Sein begrüßendes Lächeln wurde durch einen Anflug von Schuld geschwächt, als er einen schnellen Blick auf ihre Taille warf. Ihr wäre es lieber gewesen, er hätte weiter aufgeregt dahergeredet über seine Abenteuer, aber ihre Ankunft schien ihn zu ernüchtern, als wäre sie der Geist seines denkwürdigsten Scheiterns beim Bankett seines Sieges.

»Es ist wunderbar, Sie beide zu sehen, Simon, Admiral.« Sie nickten sich grüßend zu, Kanzian schickte sich an, aufzustehen, ihm wurde aber von allen bedeutet, sich wieder zu setzen, woraufhin er verwirrt die Lippen verzog. Aral machte ihr ein Zeichen, sie solle sich neben ihn setzen.

Illyan setzte seinen Bericht in einer gestraffteren Weise fort. Seine vergangenen zwei Wochen Versteckspiel mit Vordarians Leuten schienen Cordelias Erlebnissen zu entsprechen, allerdings vor dem weit komplexeren Hintergrund der besetzten Hauptstadt. Aber Cordelia erkannte hinter seinen einfachen Worten die vertrauten Schrecken. Er brachte seine Erzählung schnell zum gegenwärtigen Augenblick. Kanzian nickte gelegentlich bestätigend.

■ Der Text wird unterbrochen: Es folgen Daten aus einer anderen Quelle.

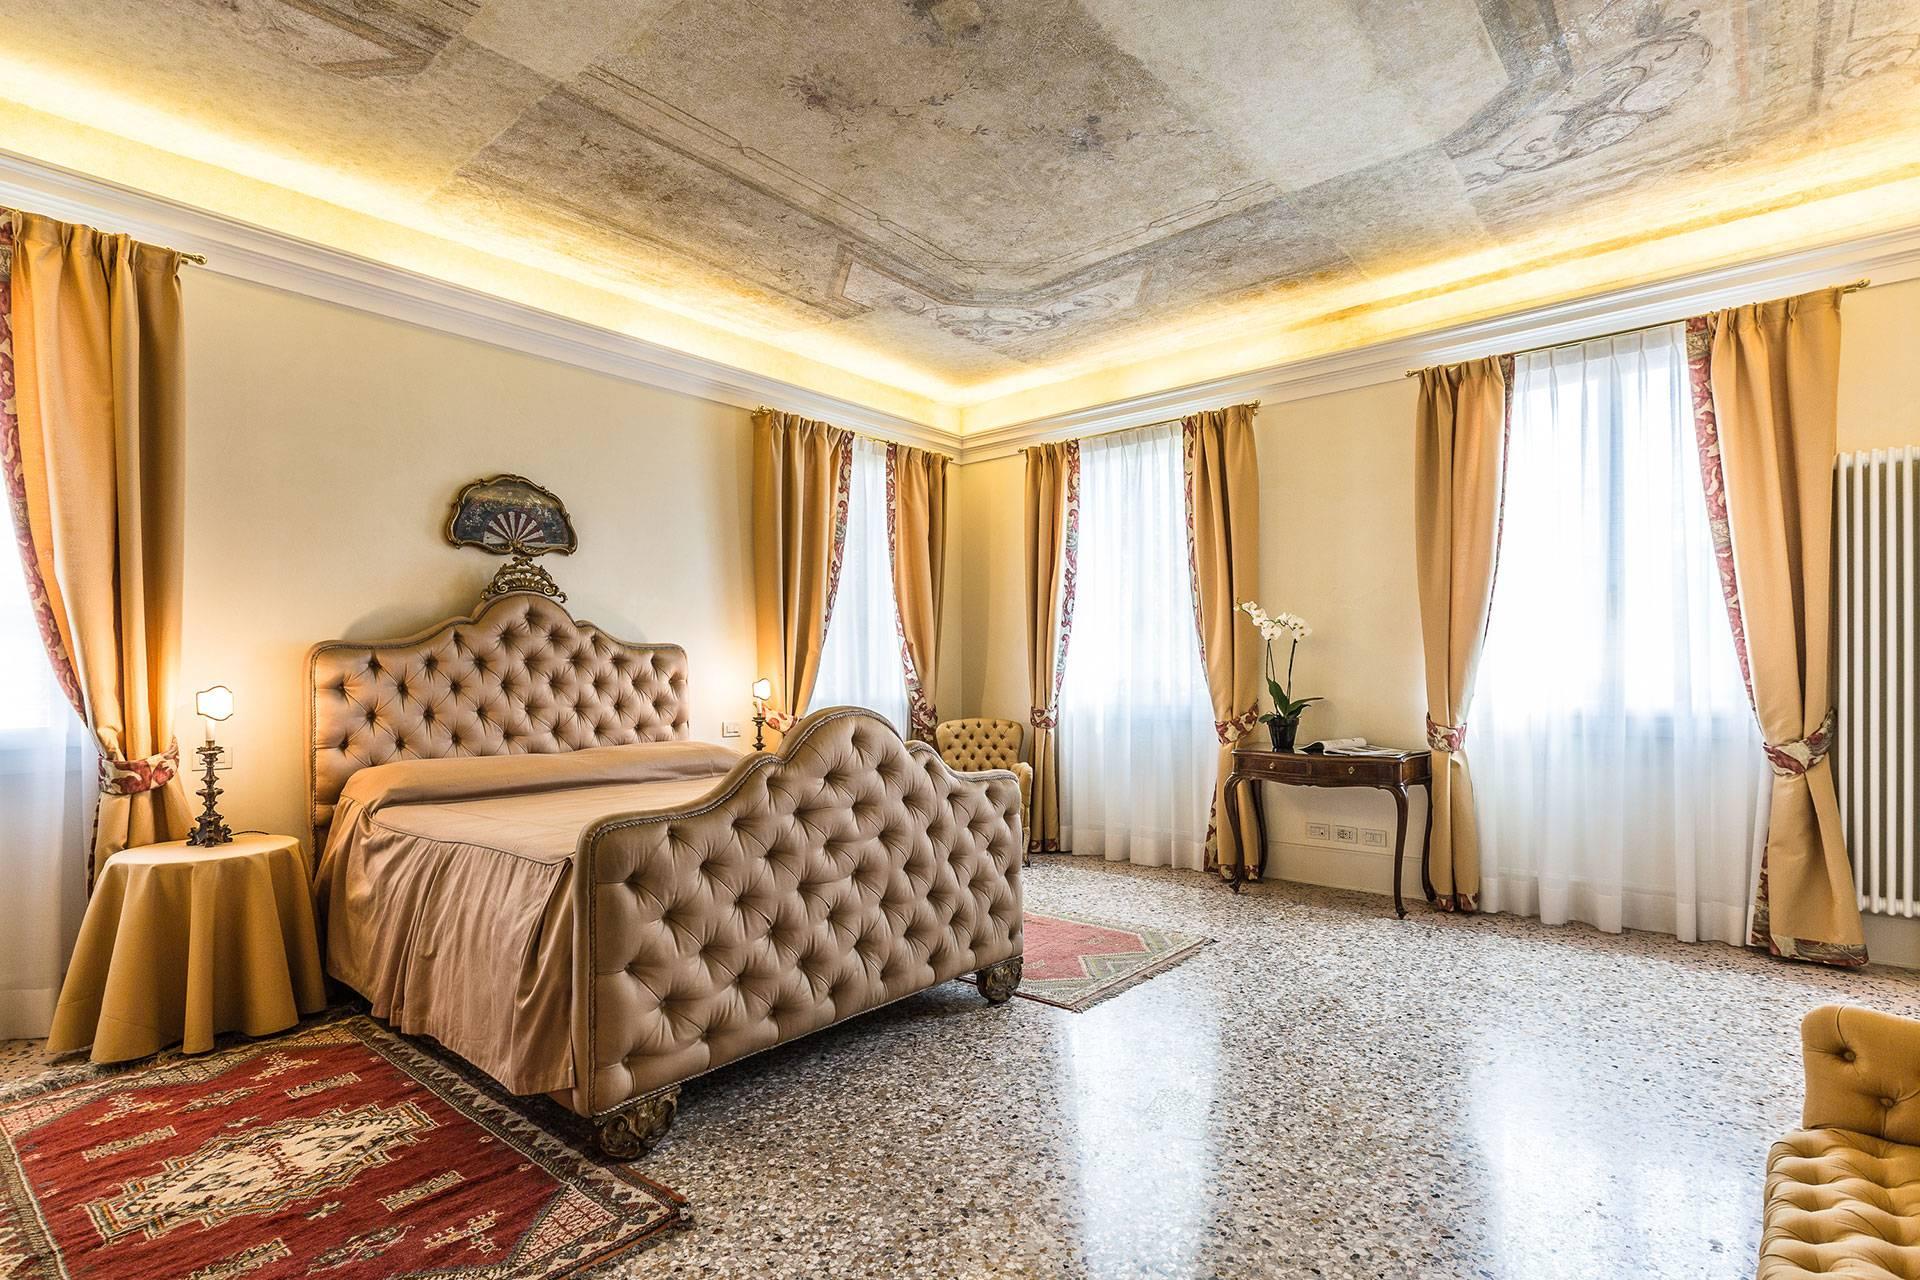 features precious frescoes and textiles

»Gut gemacht, Simon«, sagte Vorkosigan, als Illyan geendet hatte. Er nickte Kanzian zu. »Außerordentlich gut gemacht.«

Illyan lächelte: »Ich dachte, es würde Ihnen gefallen, Sir.«

Vorkosigan wandte sich an Kanzian: »Sobald Sie sich dazu in der Lage fühlen, würde ich Sie gern im Taktikzentrum über die Lage informieren, Sir.«

»Danke, Mylord. Ich war von aller Kommunikation abgeschnitten — ausgenommen Vordarians Nachrichtensendungen —, seit ich aus dem Hauptquartier geflohen bin. Allerdings konnten wir viele Schlüsse aus dem ziehen, was wir sahen. Übrigens stimme ich Ihrer Strategie der Zurückhaltung zu. Bis jetzt war sie gut. Aber Sie sind nahe an ihren Grenzen.«

»Das habe ich schon gespürt, Sir.«

»Was macht Jolly Nolly auf Sprungpunkt-Station Eins?«

»Er antwortet nicht auf seiner Standardfequenz. Letzte Woche brachten seine Stabsmitarbeiter eine erstaunliche Menge von Entschuldigungen an, aber ihr Erfindungsreichtum ist schließlich ausgetrocknet.«

»Ha, ich kann es mir richtig vorstellen. Seine Dickdarmentzündung muß in wunderbarem Zustand sein. Ich wette, nicht alle diese Meldung über Indisponiertheit waren Lügen. Ich glaube, ich sollte mal einen privaten Plausch mit Admiral Knollys beginnen, nur zu zweit.«

»Ich würde das zu schätzen wissen, Sir.«

»Wir werden über die Zwangsläufigkeiten der Zeit reden. Und über die Schwächen eines potentiellen Kommandeurs, der seine ganze Strategie auf einen Mordanschlag aufbaut, den er dann nicht erfolgreich ausführt.«

Kanzian runzelte kritisch die Stirn. »Nicht gut konstruiert, wenn man einen ganzen Krieg von einem einzigen Ereignis abhängen läßt. Vordarian hatte immer eine Neigung, plötzlich loszuballern.«

Cordelia lenkte Illyans Aufmerksamkeit auf sich: »Simon, haben Sie, als Sie in Vorbarr Sultana eingeschlossen waren, irgendwelche Informationen über das Kaiserliche Militärkrankenhaus aufschnappen können? Über Vaagen und Henris Labor?« Über mein Baby?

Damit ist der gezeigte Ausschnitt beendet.